Comment 3 for bug 1326105

Revision history for this message
Michi Henning (michihenning) wrote :

> 1. How will the scope-registry handle when either /run/user/[0-9]*/zmq/Registry-s or /run/user/[0-9]*/zmq/Registry-p already exists?

The algorithm is as follows:

- Check if a connect() to the endpoint succeeds (that is, the other accepts the connection). If so, disconnect and report an error stating that another instance of the service is already running at that endpoint. Otherwise, attempt to bind to the endpoint.

If a file is in the way with the same name, the file is unlinked before binding to the endpoint, so the file will just disappear to make way for the socket.

That latter behavior is out of our control and implemented by Zmq.

If a *directory* is in the way, the attempt to bind to the endpoint fails with an "address already in use" error.

I guess we could modify the code to try and recursively remove any directory that is in the way.
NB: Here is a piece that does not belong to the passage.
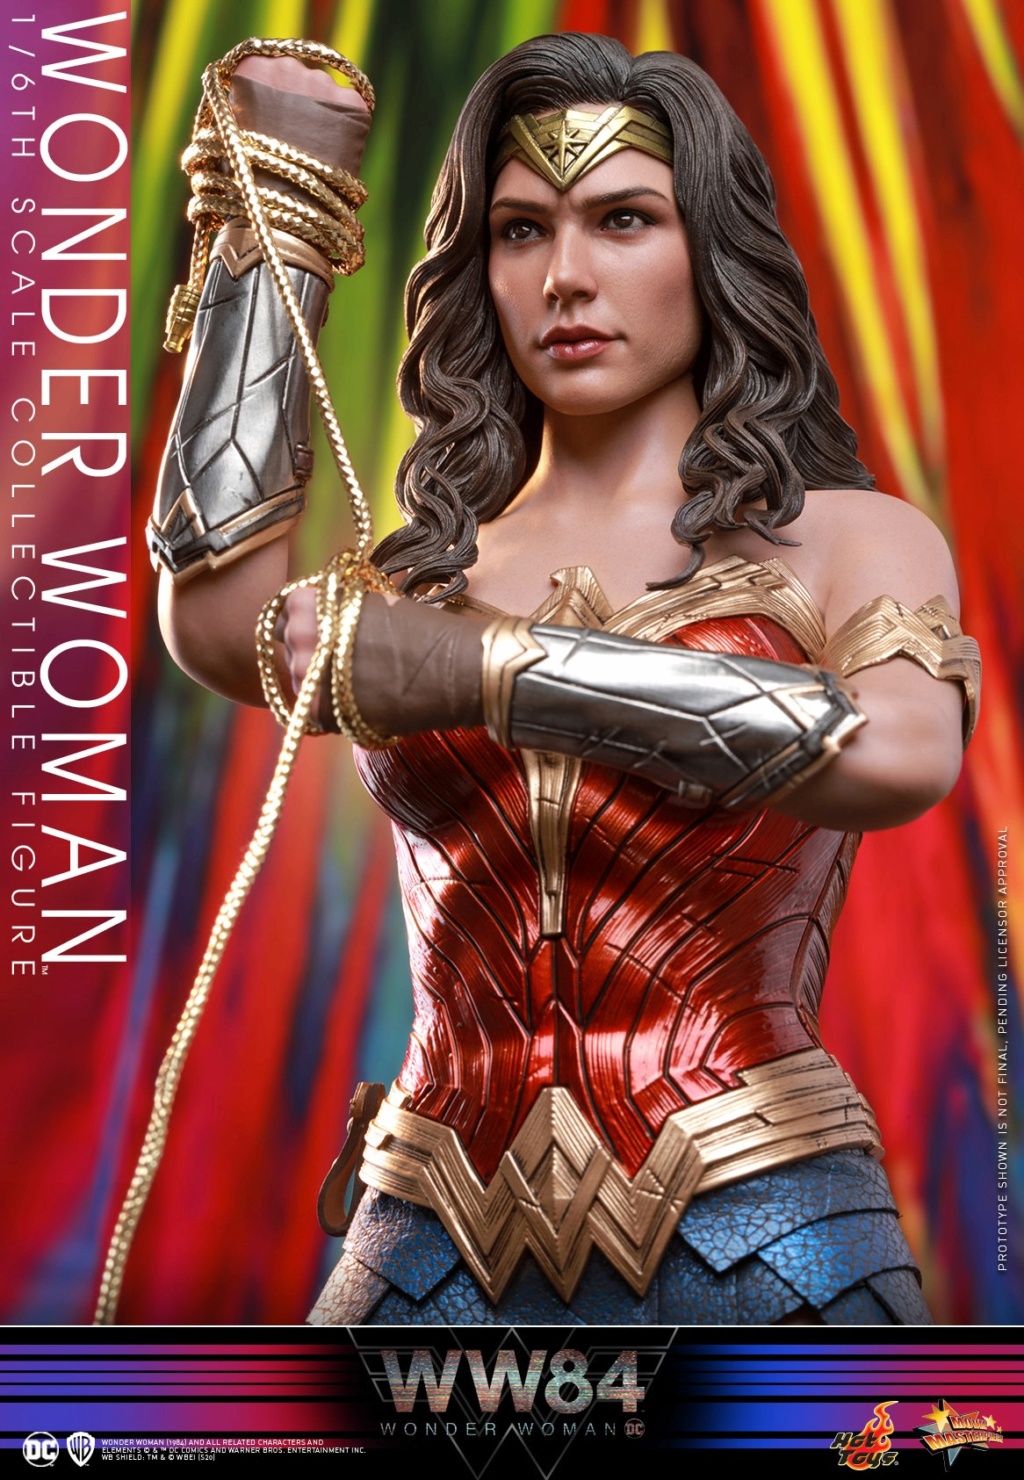 1984 - NEW PRODUCT: HOT TOYS: WONDER WOMAN 1984 WONDER WOMAN 1/6TH SCALE COLLECTIBLE FIGURE 10284

But I'm reluctant to do that:

- An innocent configuration error during development could potentially blow away most of the filesystem.

- Removal of the directory before binding suffers from race conditions. An unrelated process can put files or directories back there while the removal is in progress.

BTW, the endpoints for the registry are now called zmq/Registry-R, zmq/Registry-s, and zmq/Registry-p.

> 2. In addition to dealing with /run/user/[0-9]*/zmq/c-*-r possibly already existing

The same applies here: any file that exists there already will be blown away. Any *directory* with the same name will cause the bind to fail. But I'm not too worried about that scenario because the c-*-r name contains a UUID that includes 16 bits of pseudo-randomness from a Mersenne twister (the other 16 bits are a counter). It would be difficult to guess the correct name because each process seeds the random number generator differently, using std::random_device (which is implemented using /dev/random).

> For '2', standard defensive programming should also be used, but that isn't enough. I suggested at the sprint that these
> endpoints should be made application specific by their name like with the other endpoints, but was told this is problematic.

I considered using a directory <scope_id>. Something like /run/user/<uid>/zmq/<scope_id>/endpoint-here

It makes it a pain to test though. I guess we could still do this, creating the scope_id directory if it doesn't exist.

Jamie, let me know how strongly you feel about this. If you think we need it, I'll look at implementing it.